- Active: 1942–1956
- Country: Soviet Union
- Allegiance: Red Army
- Branch: Airborne/Infantry
- Engagements: World War II Battle of Korsun–Cherkassy; Uman–Botoșani offensive; Second Jassy–Kishinev offensive; Battle of Debrecen; Siege of Budapest; Bratislava–Brno offensive; Prague offensive; Khingan–Mukden offensive; ;
- Decorations: Order of the Red Banner Order of Suvorov, 2nd class
- Battle honours: Zvenigorod Bucharest

= 1st Guards Airborne Division =

The 1st Guards Zvenigorod–Bucharest Red Banner Order of Suvorov Airborne Division (Russian: 1-я гвардейская воздушно-десантная Звенигородско-Бухарестская Краснознамённая ордена Суворова дивизия) was a division of the Soviet Airborne Troops. The division was first formed in December 1942 and fought in the Battle of the Dnieper, the Battle of the Korsun–Cherkassy Pocket, the Uman–Botoșani offensive, the second Jassy–Kishinev offensive, the Battle of Debrecen, the siege of Budapest and the Prague offensive. In August 1945 it was sent east and fought in the Soviet invasion of Manchuria. The division became the 124th Guards Rifle Division in November 1945 and disbanded in 1956.

== History ==
The division was formed in accordance with an order from 8 December 1942 from the 4th Airborne Corps headquarters and the 1st Airborne Brigade.

The division became part of the Special Group commanded by Mikhail Khozin. In mid-February 1943, it was concentrated south of Zaluceni. Its objective was to advance into a breach in the German lines in the 1st Shock Army offensive zone. In March, the division fought in the Staraya Russa operation, but was unable to capture the town. In August, it made another attempt and cut the Staraya Russa-Kholm road on 18 August.
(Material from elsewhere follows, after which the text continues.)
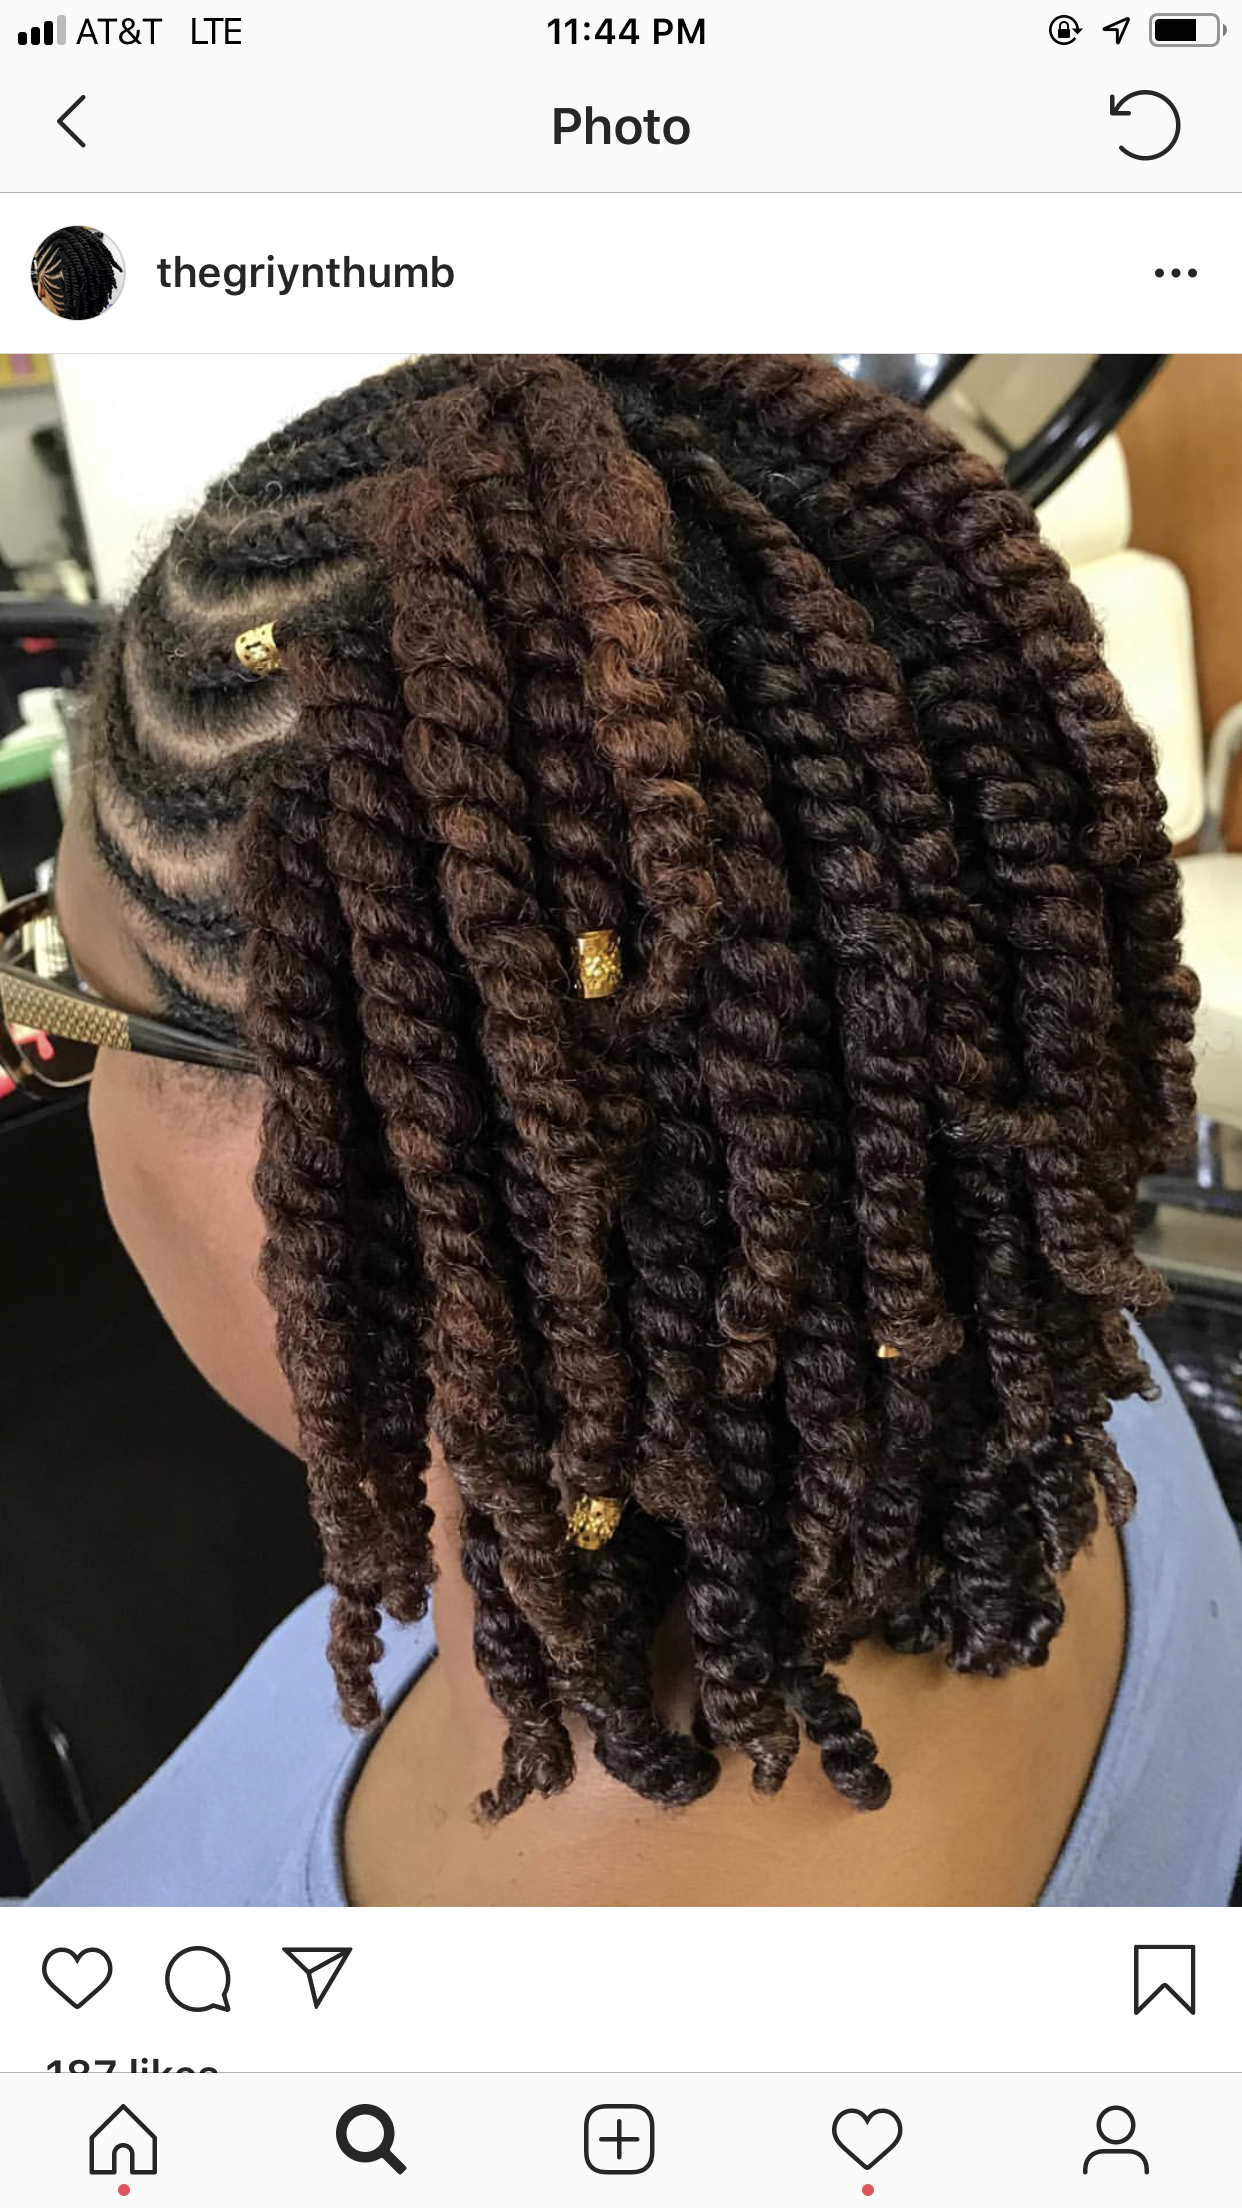 Pin By Erika Alexander On Erika S Natural Hair Styles Natural Hair Styles For Black Women Protective Hairstyles For Natural Hair Natural Hair Twists

It then advanced to the Porus River at the villages of Chirikov and Kotov. The division entrenched in positions there. After the end of the fighting, it was sent to the rear to rest and refit; in September, it was transferred to the Steppe Front.

It fought in the capture of Left-bank Ukraine in the area east of Kremenchug. On 9 October, it crossed the Dnieper near Moldavan Island and the villages of Soloshino and Perevolochna. October 9, 1943, crossed the Dnieper near the island of Moldovans, Soloshino, Perevolochna, advancing in the second echelon of the 37th Army. From October to December, the division advanced towards Krivoy Rog and Kirovograd.

In January and February 1944, the division fought in the Korsun–Shevchenkovsky offensive and took part in the encirclement of German troops around Zvenigorod. The division was awarded the honorific "Zvenigorod" for its actions during the fighting on 13 February. Between March and April, it fought in the Uman–Botoșani offensive. During the offensive, the division reached the Dniester and Dubăsari. During the summer it fought in the second Jassy–Kishinev offensive. During the offensive, it advanced in the second echelon of 53rd Army towards Focșani. On 31 August, it entered Bucharest. At the end of September, the division reached the Hungarian border northwest of Arad. On 6 October, it launched an offensive from there during the Battle of Debrecen and reached the Tisza. The division crossed the Tisza in November during the Budapest offensive.

By February 1945, the division was positioned on the Hron. It fought in the Bratislava–Brno offensive in April and the Prague offensive in May. During June and July, the division was transferred to Choibalsan in Mongolia, along with the 53rd Army. It became part of the 18th Guards Rifle Corps. In August 1945, it fought in the Khingan–Mukden offensive operation, part of the Soviet invasion of Manchuria. At the end of the war, it was in Tongliao, where the division conducted its first airborne operation.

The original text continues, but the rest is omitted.